= EXERCISE DIRECTIONS =
From the line containing "Living room with" down to the line containing "K.I.S.S. Framelock knife", copy out the entries below exactly, both lines included, and nothing else; pictures do not belong in the copy.

= AVAILABLE DATA =
BEGIN
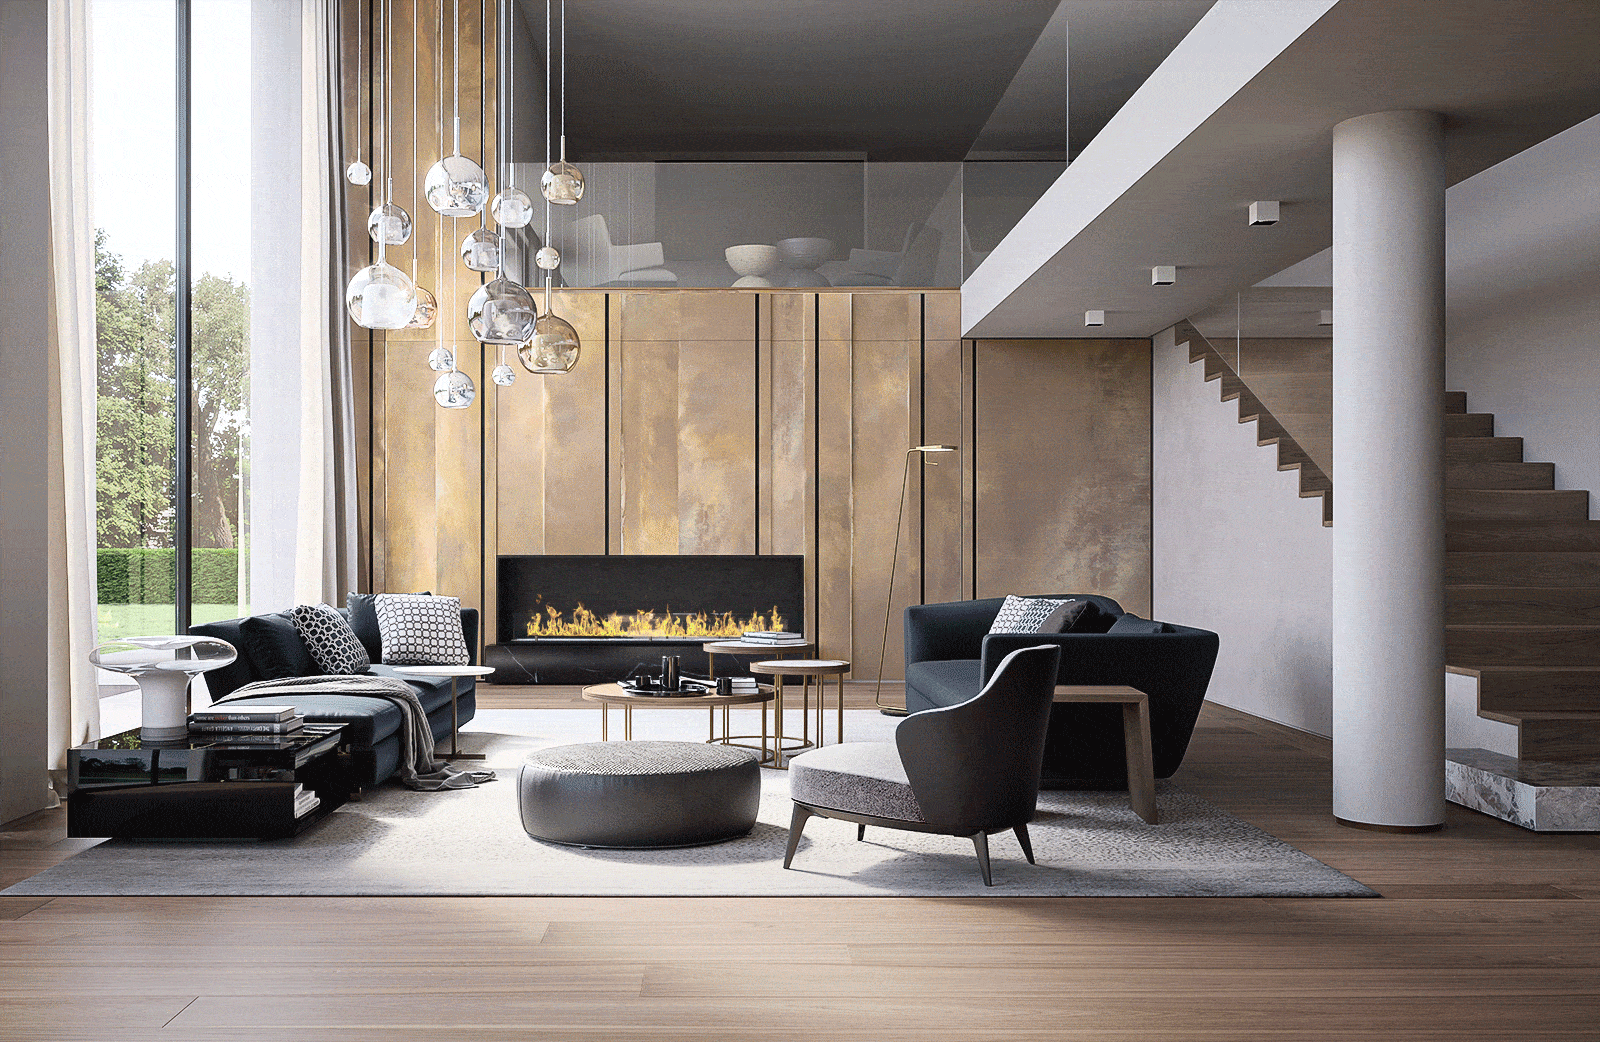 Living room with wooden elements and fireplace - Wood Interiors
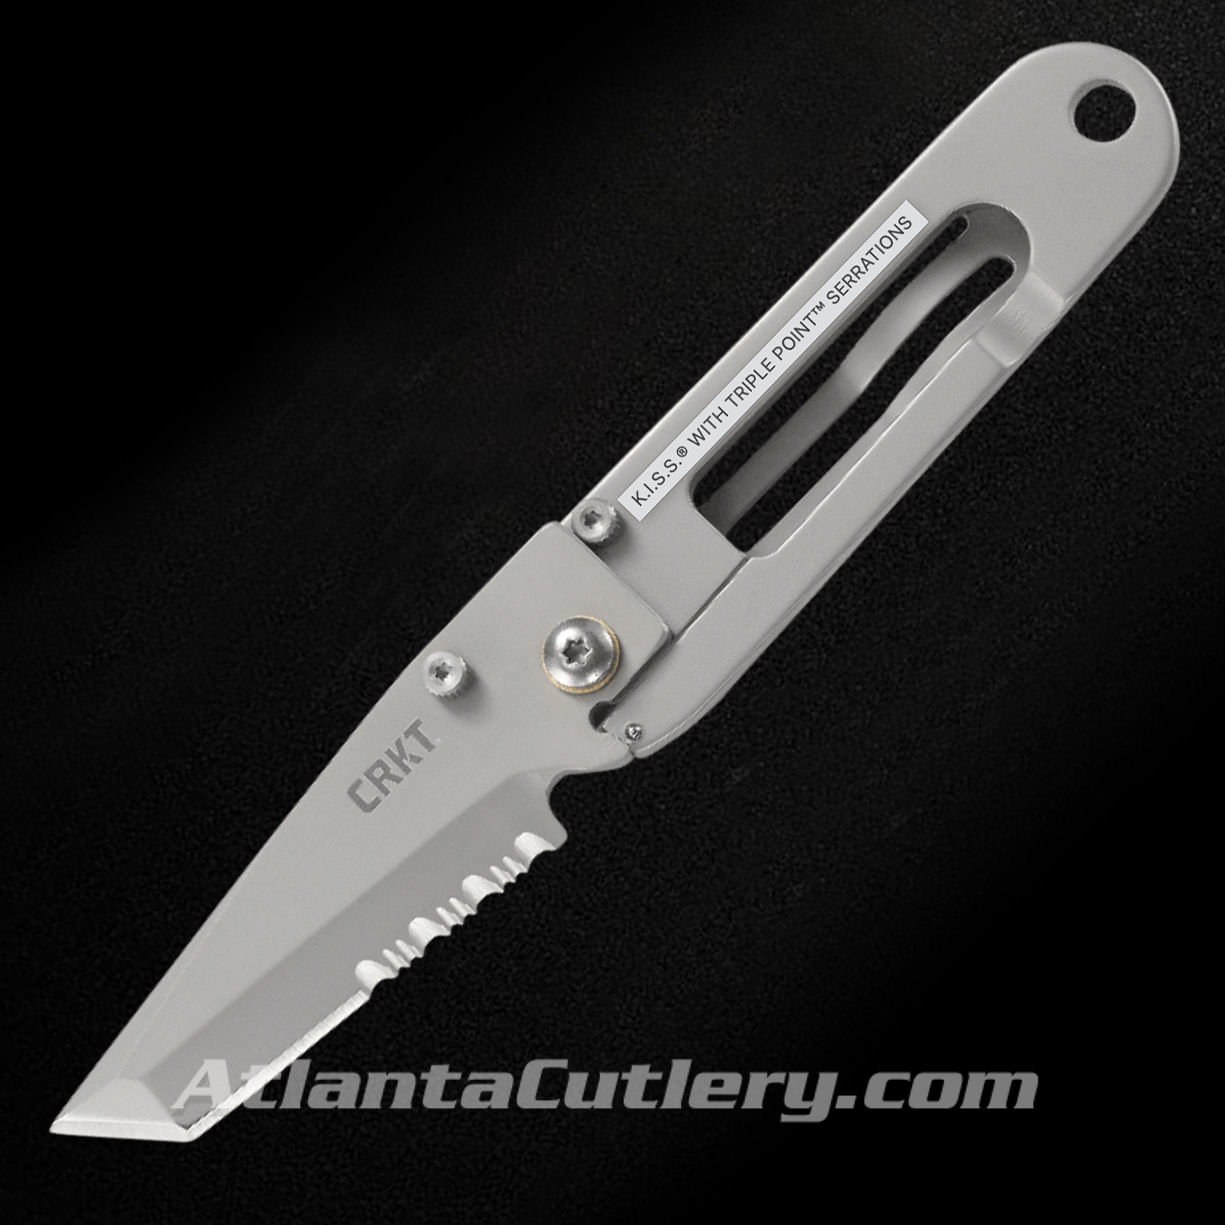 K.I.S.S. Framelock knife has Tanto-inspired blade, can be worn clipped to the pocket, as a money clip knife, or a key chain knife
END
BEGIN
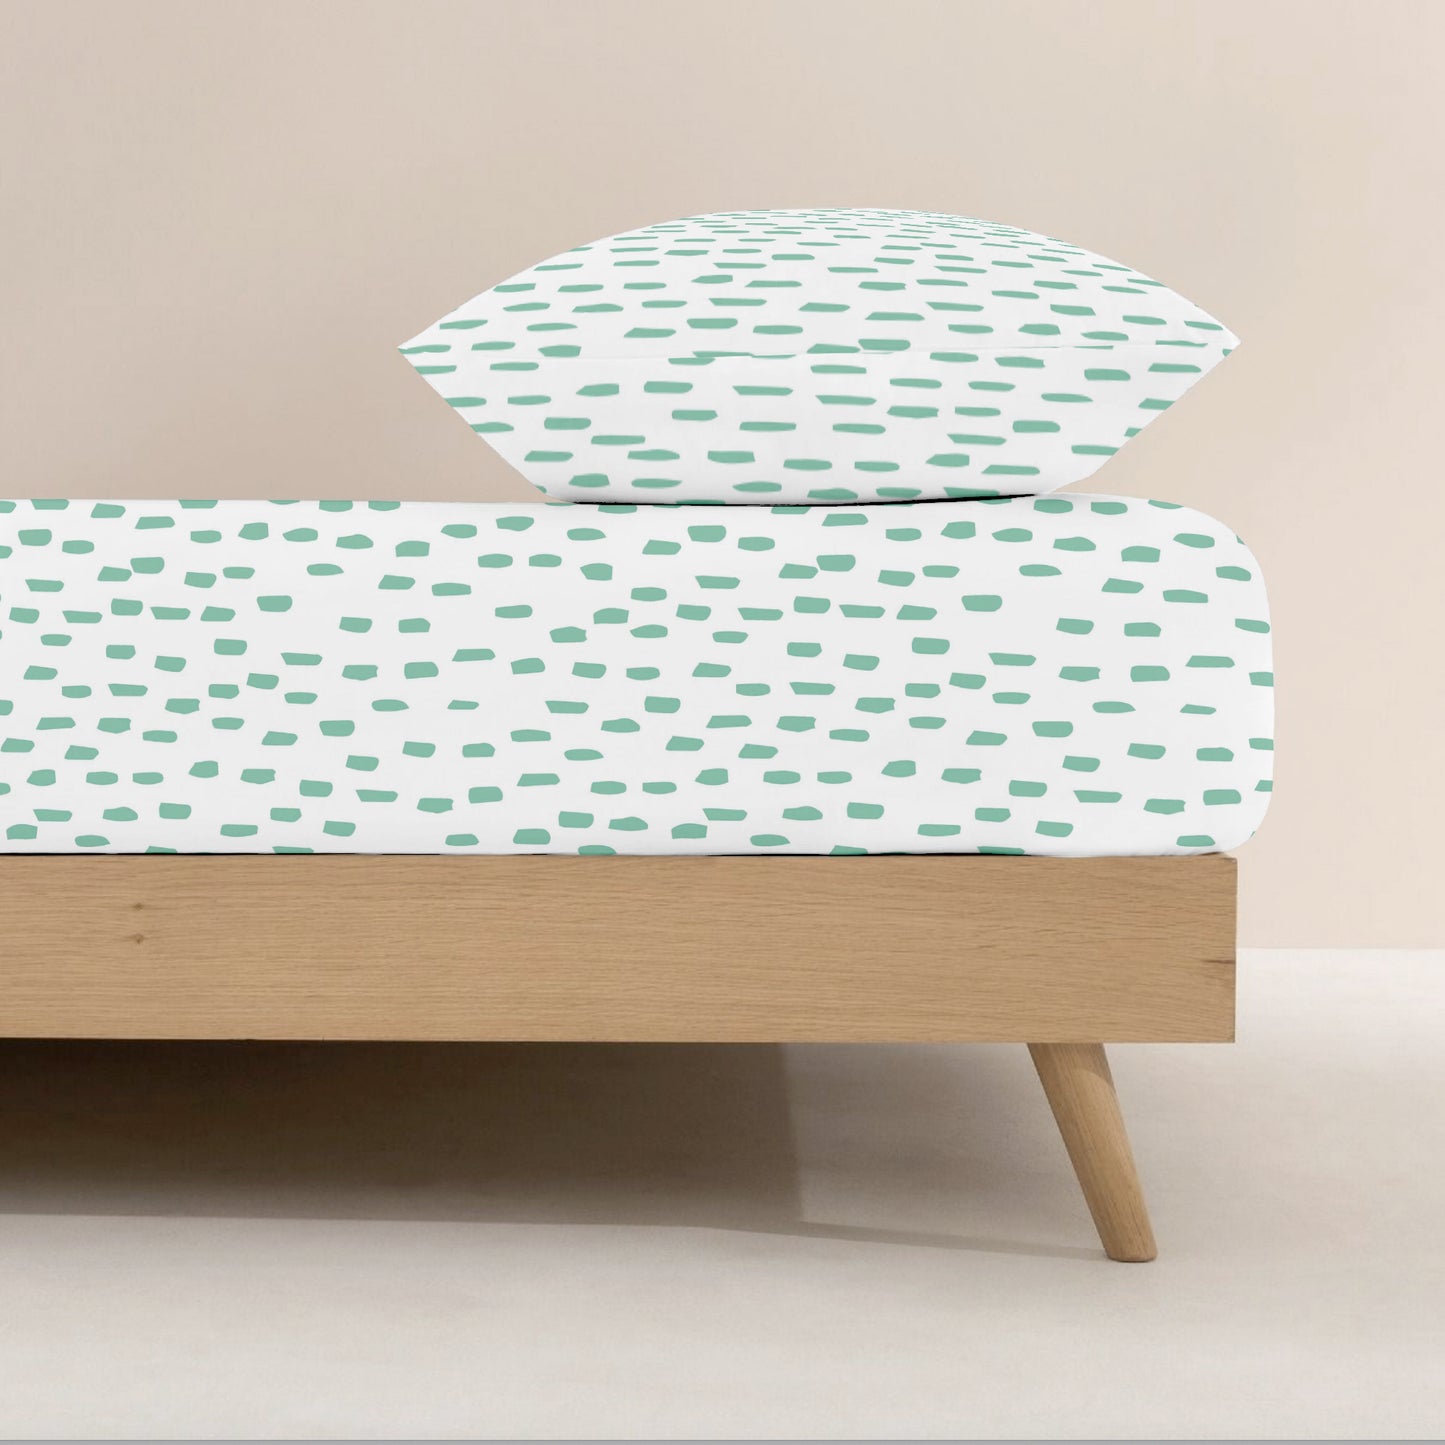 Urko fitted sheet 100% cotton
END
= COMPLETED EXERCISE =
 Living room with wooden elements and fireplace - Wood Interiors
 K.I.S.S. Framelock knife has Tanto-inspired blade, can be worn clipped to the pocket, as a money clip knife, or a key chain knife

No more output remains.